Пелопоннесская война разрушила уникальный многосоставный мир Греции, «злосчастная война (…) принесла утрату Афинами свобод и одновременно нанесла величайший ущерб искусству». Совет Тридцати «стремился искоренить самое семя свободы». Спустя четверть века, с эпохой Эпаминонда, возвысившего «прежде ничтожные Фивы над Афинами и Спартой» и принудившего последние прийти к согласию, связано возвращение Греции к великому искусству. Впрочем, не противореча этому суждению Винкельмана, стоит добавить, что столетие спустя после Фидия (ум. около 430 г. до н. э.) умудренные Пелопоннесской войной и ее последствиями Сократ (казнен 399 г. до н. э.) и Платон (ум. 347 г. до н. э.) смотрят на искусство уже иначе, демократия уже не является для Платона идеалом общественного устройства; искусство в идеальном государстве Платона уже лишено тех привилегий, коими, судя по примеру Фидия, его наделило правление Перикла.

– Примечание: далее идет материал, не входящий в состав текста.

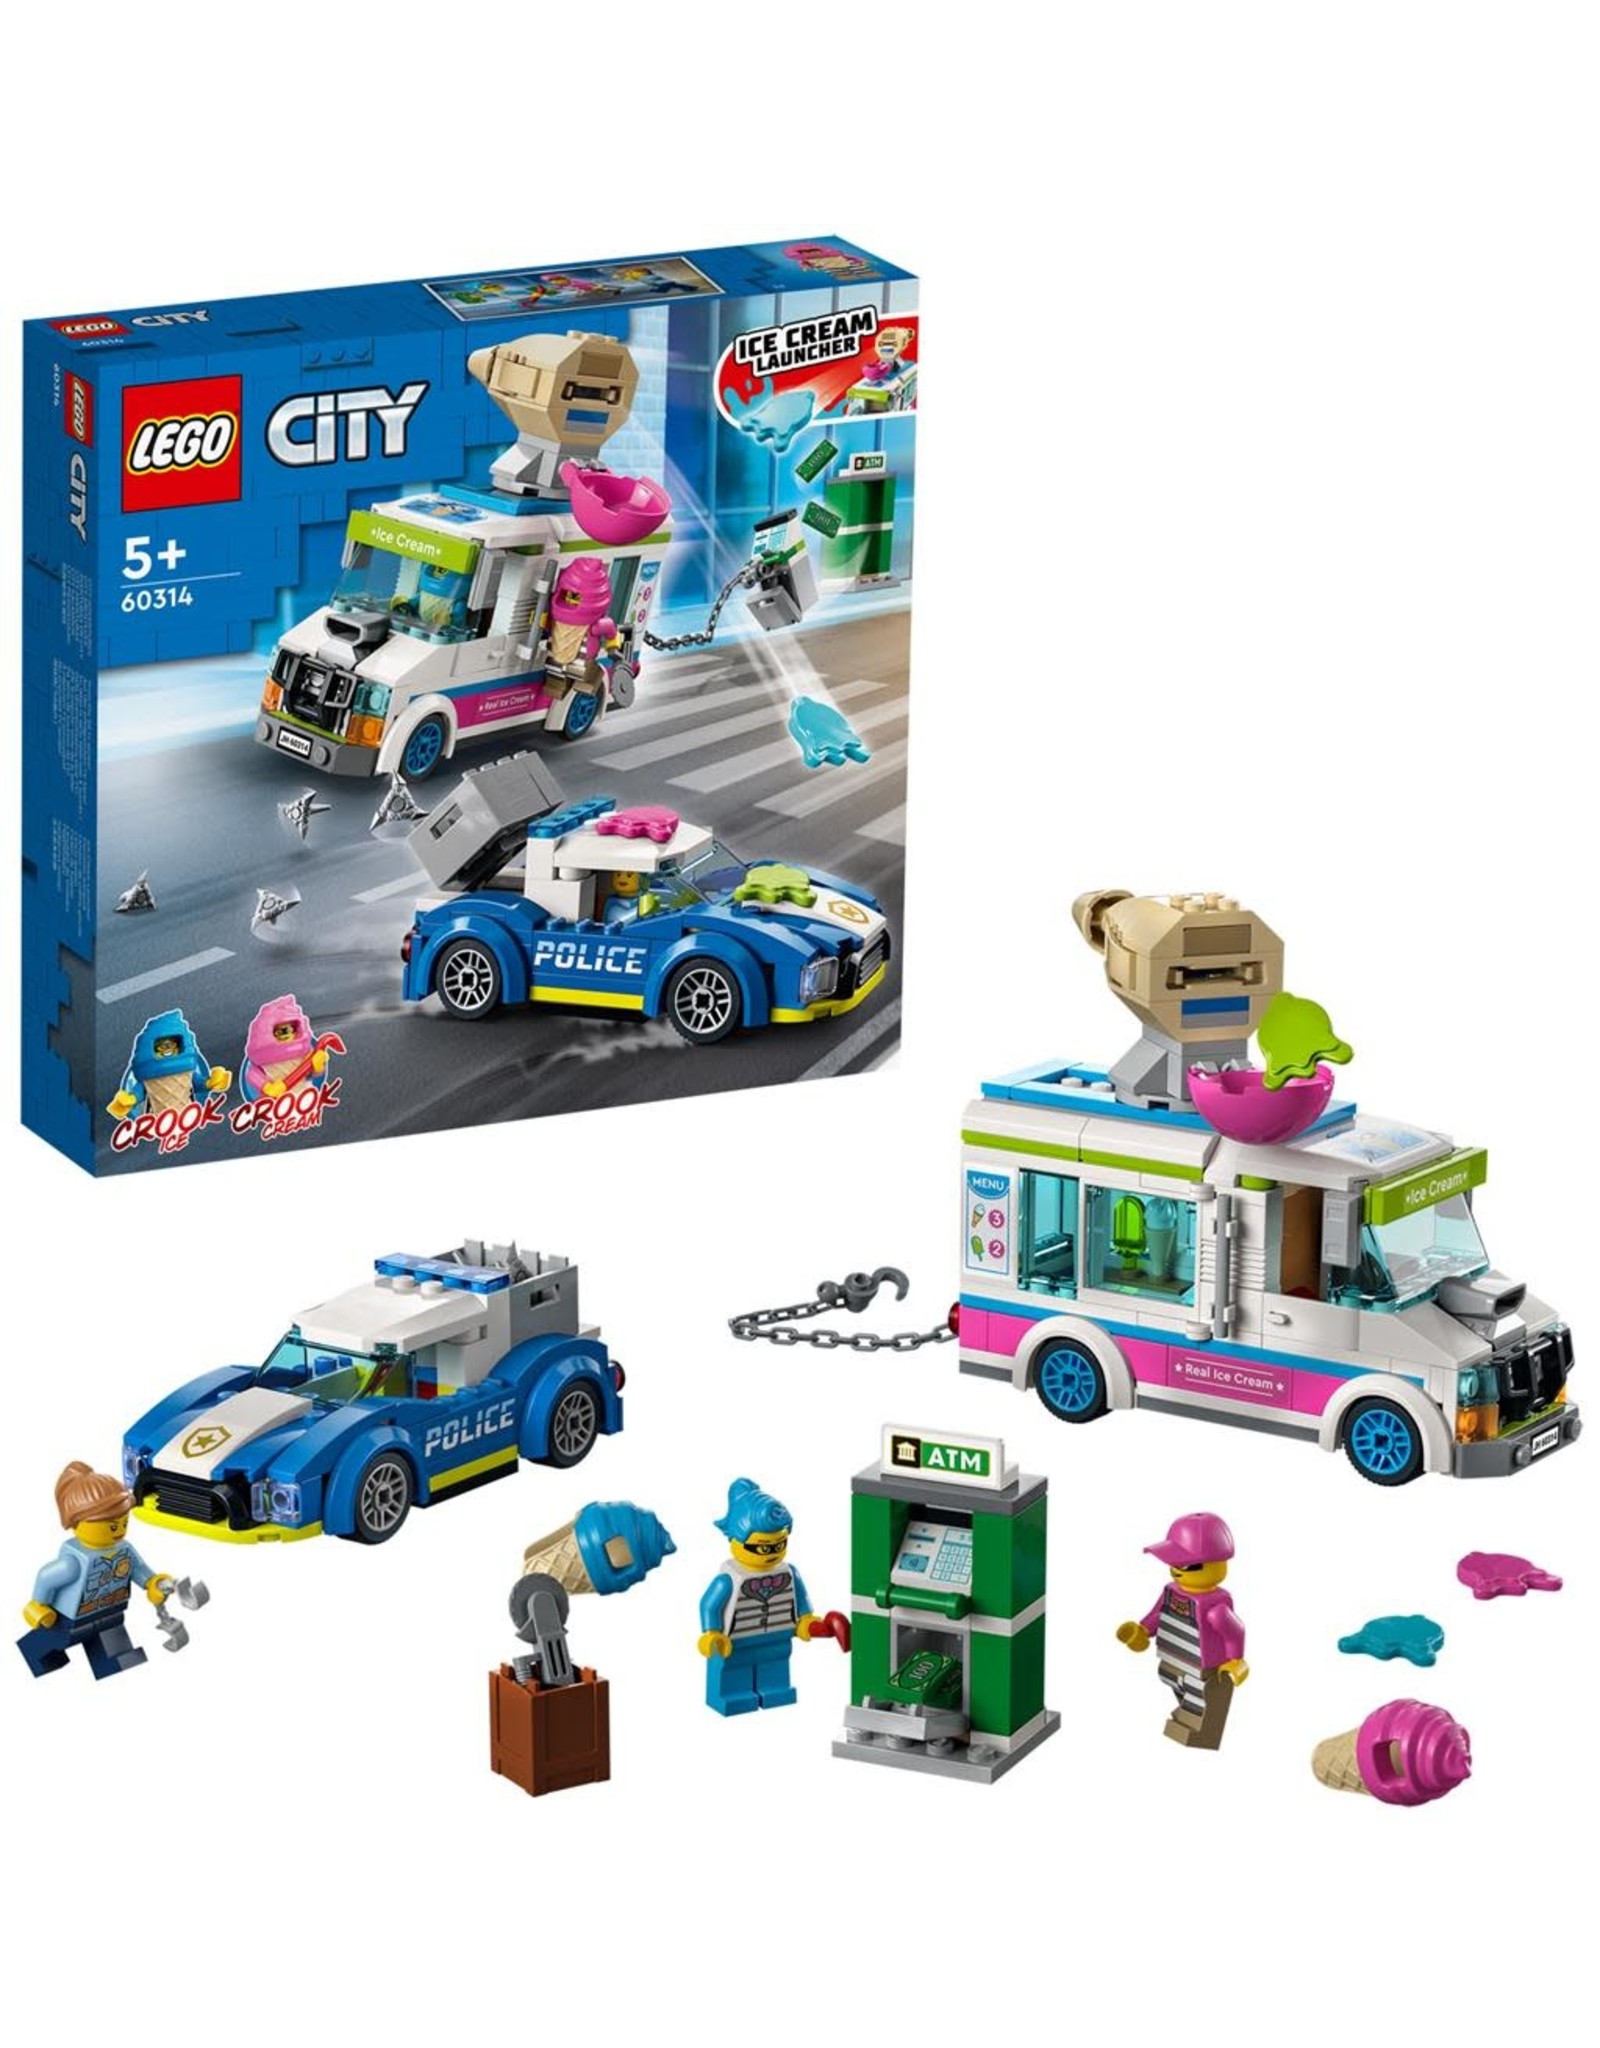 LEGO Lego City 60314 Ijswagen Politieachtervolging –  Police lcecream Truck Police Chase

Труд Винкельмана появляется, когда искусство античности уже давно признано за образец; труд Винкельмана в известном смысле даже мешает: тысячи дворцов барокко уже расписаны согласно римскому пониманию античности, римская мифология при дворах европейских монархов не просто вытеснила греческую, она не дала последней и шанса на известность. Ренессансные меценаты наподобие круга Гонзага, Медичи, д’Эсте чтут античность, но именно в ее римском изводе; просвещенные короли наподобие Альфонсо Арагонского или Рене Доброго сплетают вязь из средневековых житий святых и античных пасторалей – но римских, не греческих. Данте выбирает в провожатые Вергилия, но мы не можем знать, выбрал бы он Гомера или нет: Данте с его сочинениями просто не знаком. Ренессанс показательно возвращался к античности – но к римской; Марсилио Фичино специально изучает греческий, чтобы читать Платона в подлиннике, и переводит его на латынь, но если чтение Платона во Флорентийской академии было непременным условием, то скульптур Фидия Микеланджело не знал и знать в принципе не мог.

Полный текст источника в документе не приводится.